Drew Angerer | Getty Images
During this hyper-partisan age, Congress has acted in a rapid bipartisan fashion, enacting a range of support measures totaling over $3 trillion with plans for more.
The Federal Reserve has operated at a speed and scale that is breathtaking. It has backstopped state and local governments and more markets than myself and many others thought was possible.
The total amount of economic aid is expected to exceed $10 trillion.
The lines of cars at the local food bank and the realization that over 26 million Americans have lost their jobs in the last five weeks is heart-wrenching. With an economy decimated by an unseen virus, our policy makers are forced to respond in this human moment. When a vaccine is developed and our world returns to a better place, we will attempt to place our actions to survive the pandemic in the proper context.
One of these frameworks will have to be Modern Monetary Theory (MMT). This theory has received increased publicity over the past three years as politicians realized there was not a plausible plan to raise the funds necessary to fund “Healthcare for All,” the “Green New Deal,” free college and other initiatives through taxes alone.
The core principle of MMT is that sovereign governments with sovereign currencies can “print” or “coin” money to support full employment or essentially any government program that would benefit society in the here and now. Critics have labeled it the “Magic Money Tree Theory.” Those detractors include Keynesian and Monetarist economists, who cite Hungary in the 1840’s, Brazil in the 80’s, Mexico in the 90’s as examples of where easy money policies led to hyperinflation.
Warren Mosler was one of the founders of MMT, and what is known as `Mosler’s law’ states: “No financial crisis is so deep that a sufficiently large increase in public spending cannot deal with it.” These words fundamentally represent the actions our policy makers have taken in response to the virus. This pandemic has moved MMT from the fringes to the dead center as the actual monetary policy of the United States.
Post-pandemic, our national debt will approach $30 trillion, and talk of the burden we are leaving our grandchildren will inevitably return. I assume MMT’ers care about their grandchildren as much as anybody, but they do not see debts and deficits as bills to be paid. Deficit spending represents a transfer of wealth to the private sector.
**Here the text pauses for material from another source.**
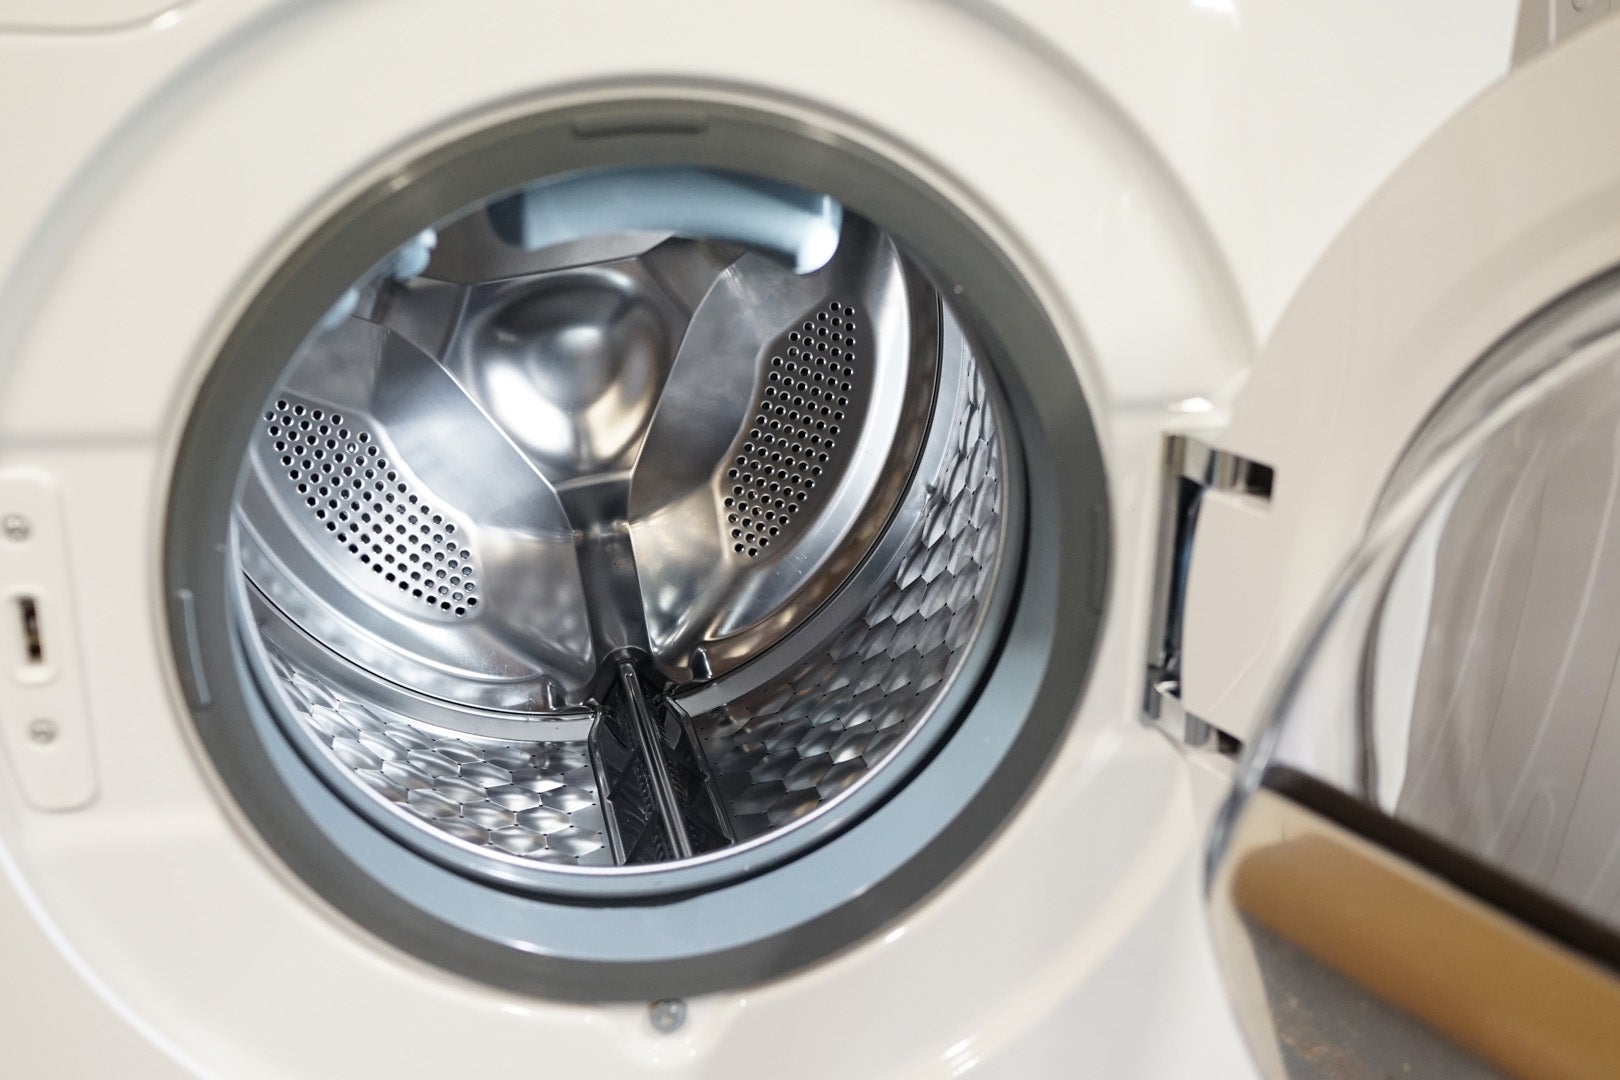 Close-up view inside Miele WTH120 washer-dryer drum.

Deficit spending in MMT only decreases as a consequence of raising taxes to control inflation. It is never seen as a problem. Rather, the primary use of the deficit as a tool is to ensure full employment.
As we enter the post-pandemic world, with a V-, a U- or W-shaped recovery, do we stay with the MMT-based philosophy of spending what it takes to make the economy whole, or do we transition to a philosophy that deficits are dangerous and need to be controlled? Considering we were running trillion-dollar deficits with a great economy before the pandemic and the societal pressure was to spend more, not less, it seems obvious that we will all be MMT’ers for quite a while.